Bankers had described the overall SSA market as “tough” before the summer, and conditions were tougher still in dollars.
So for the World Bank to be able to take $4bn in one go with smooth execution was no easy task even for this most storied of issuers. The dollar market had, after all, effectively shut its door to some SSA names at the time.
The World Bank took $5.5bn of orders to help it shave 2bp off initial price thoughts to land the five year note at 40bp over Sofr mid-swaps.
The transaction was seen as a positive omen by those on and off the deal, injecting a much needed shot of confidence into a market shaken by volatility.
Sub-Sovereign Bond of the Year
Autonomous Community of Madrid
€500m 2.822% October 2029 green bond
BBVA (green structuring adviser), CaixaBank, Crédit Agricole, ING and Santander (lead managers)
Madrid has been, and continues to be, at the forefront of the development of Spain’s green financing. It was the first government entity in the country to issue a green bond back in April 2020, ahead of even the sovereign. And with the new October 2019 line, which was the city’s third green transaction, Madrid has become the most active Spanish green issuer from the public sector.
The bond was fully aligned with the EU Green Taxonomy, a rarity even in Europe. It was a first not only for Madrid, but for Spain.
While the trade might not have been especially large, or attracted a multiple-times subscribed book, it made an impression.
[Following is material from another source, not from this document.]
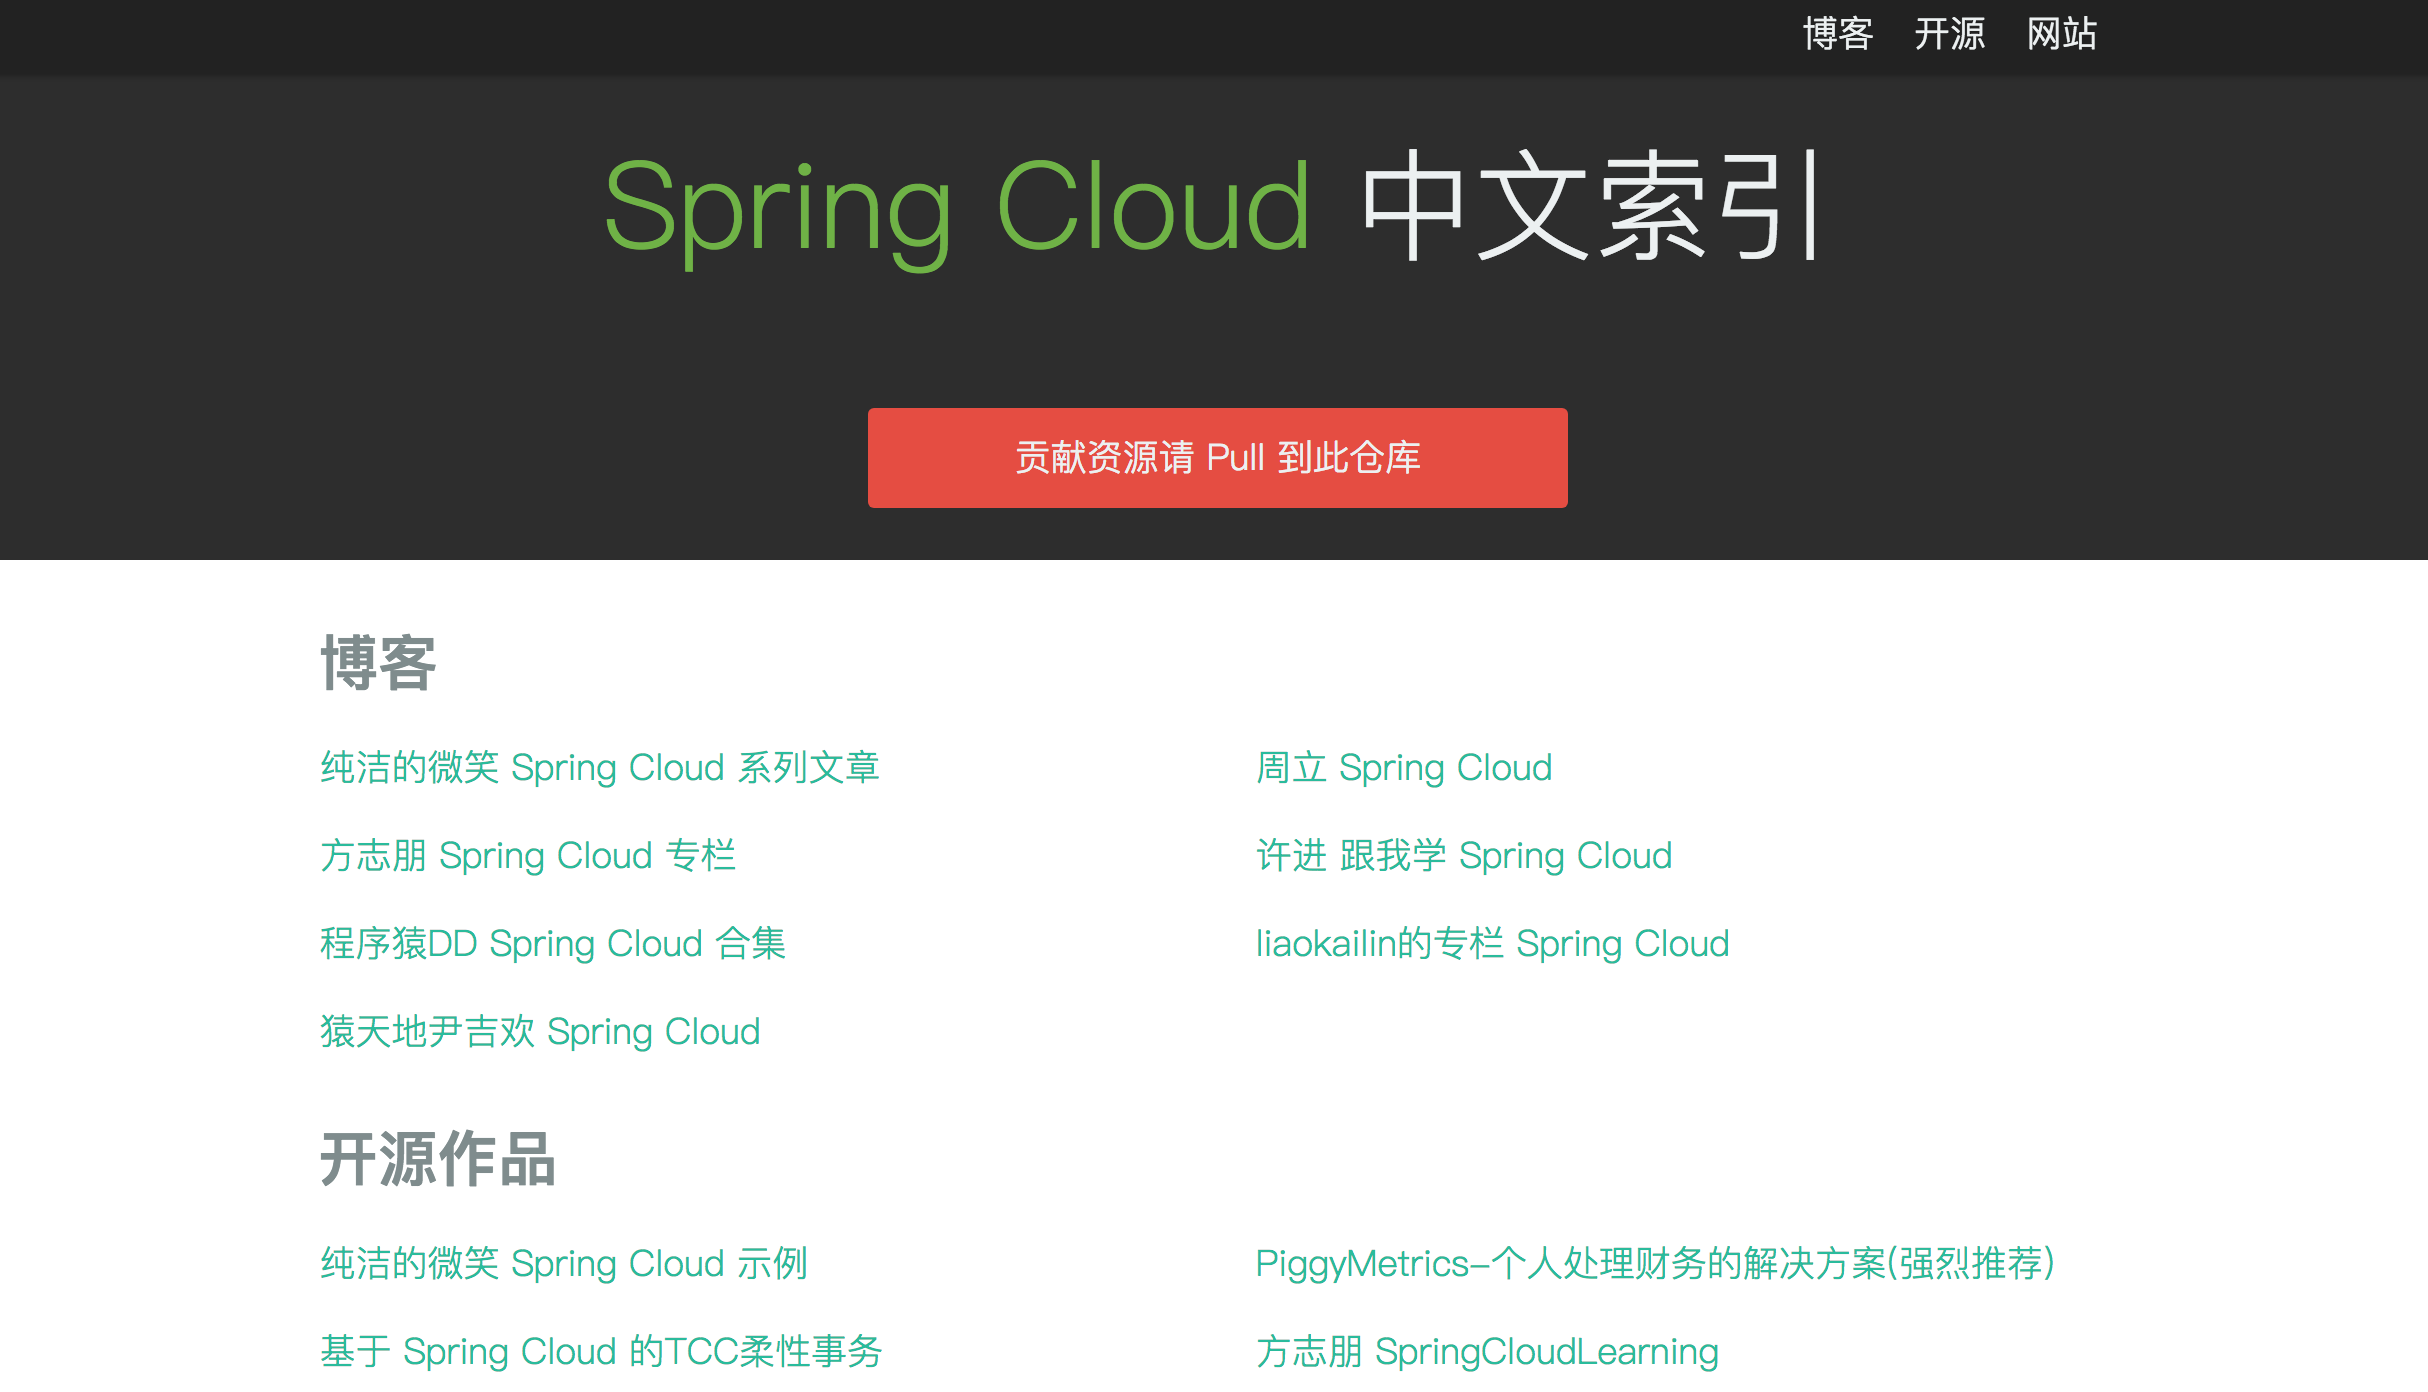 Spring Cloud 开源软件都有哪些？

Over the years, Madrid has proved its willingness and ability to move Spain’s green funding capabilities forward. This trade was another important milestone.
SSA SRI Deal of the Year
Republic of France
€4bn 0.1$ June 2038 inflation-linked green OAT
Barclays, BNP Paribas, Crédit Agricole, Natixis and Société Générale
Several governments made their green bond debuts in 2022 with Austria, Canada and New Zealand all making their initial forays into the market.
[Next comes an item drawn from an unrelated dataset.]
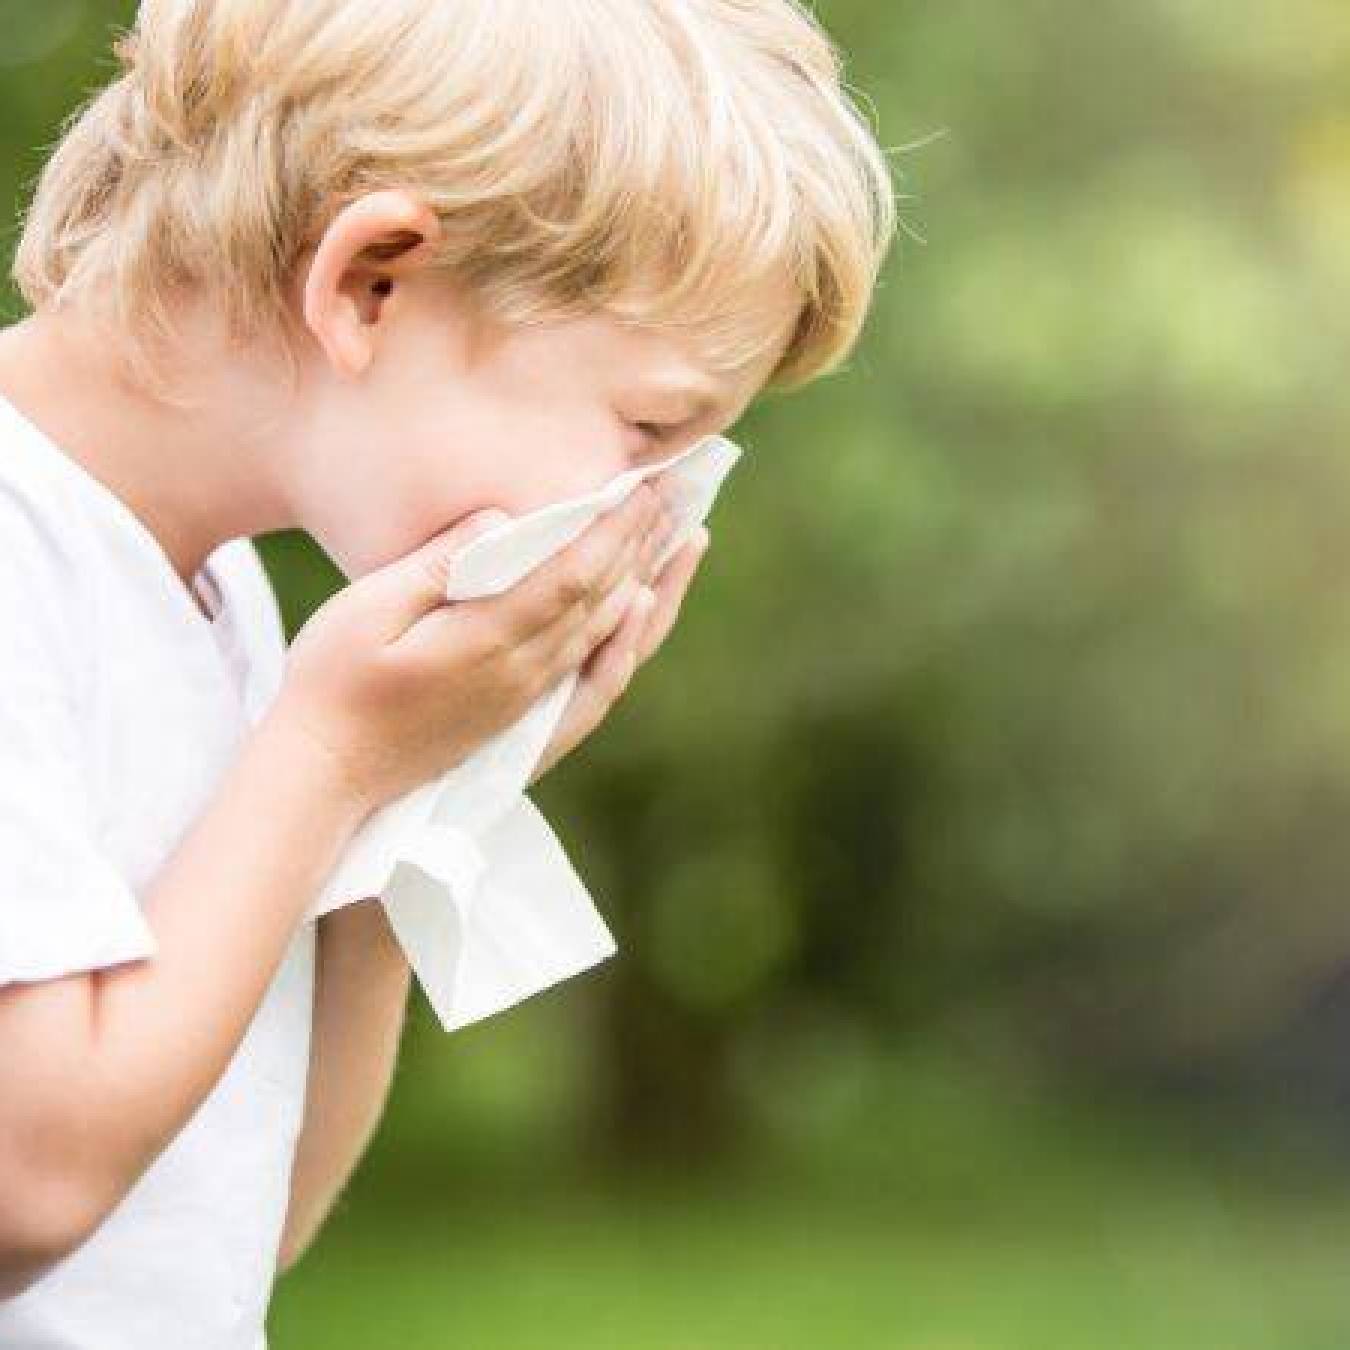 Jakie są najskuteczniejsze sposoby na zapobieganie alergii u dzieci

Indeed, Austria brought a further innovation in the autumn by issuing the first ever green sovereign T-Bills — a product it plans to issue quarterly from next year.
However, it was one of the original sovereign green bond issuers that really caught the eye by bringing a new product that both broadened the suite of green securities on offer while also addressing a key theme of 2022 — protection from inflation.
Announcing its intention to explore a 10-15 year green OAT€I in December, the deal was priced in May — a day after Austria’s €4bn debut — amassing €27.5bn of orders allowing the leads to tighten the spread 3bp during execution for a stellar result and opening a new front in the financial fight against global warming.
Supranational Euro Bond of the Year
European Investment Bank
€4bn 1.5% June 2032 Climate Awareness EARN
Bank of America, BNP Paribas, JP Morgan and NatWest Markets
One of the world’s biggest issuers of green and sustainability bonds, the EIB first sold a Climate Awareness Bonds 15 years ago. But the issuer took its ESG credentials to the next level in 2022 by starting to issue Climate Awareness Bonds under its Euro Area Reference Note (EARN) programme — the brand for its benchmark deals in its home currency.
The move demonstrated the issuer’s growing sustainability lending requirements as well as the boom in investor demand. EARNs typically come bigger than the EIB’s other euro issuance, usually weighing in at €3bn-€5bn.
This first Climate Awareness EARN from May not only marked a milestone for the supranational but provided an important test of demand for longer dated debt, which has been harder to sell in a year marked by rocketing interest rates.
The trade certainly delivered on all fronts, being the EIB’s largest ever Climate Awareness Bond. The final book of €23bn allowed the issuer to tighten 2bp during execution to price 19bp through mid-swaps.
The EIB repeated the trick in September, this time pricing a €4bn March 2030 Climate Awareness EARN out of €33bn of demand.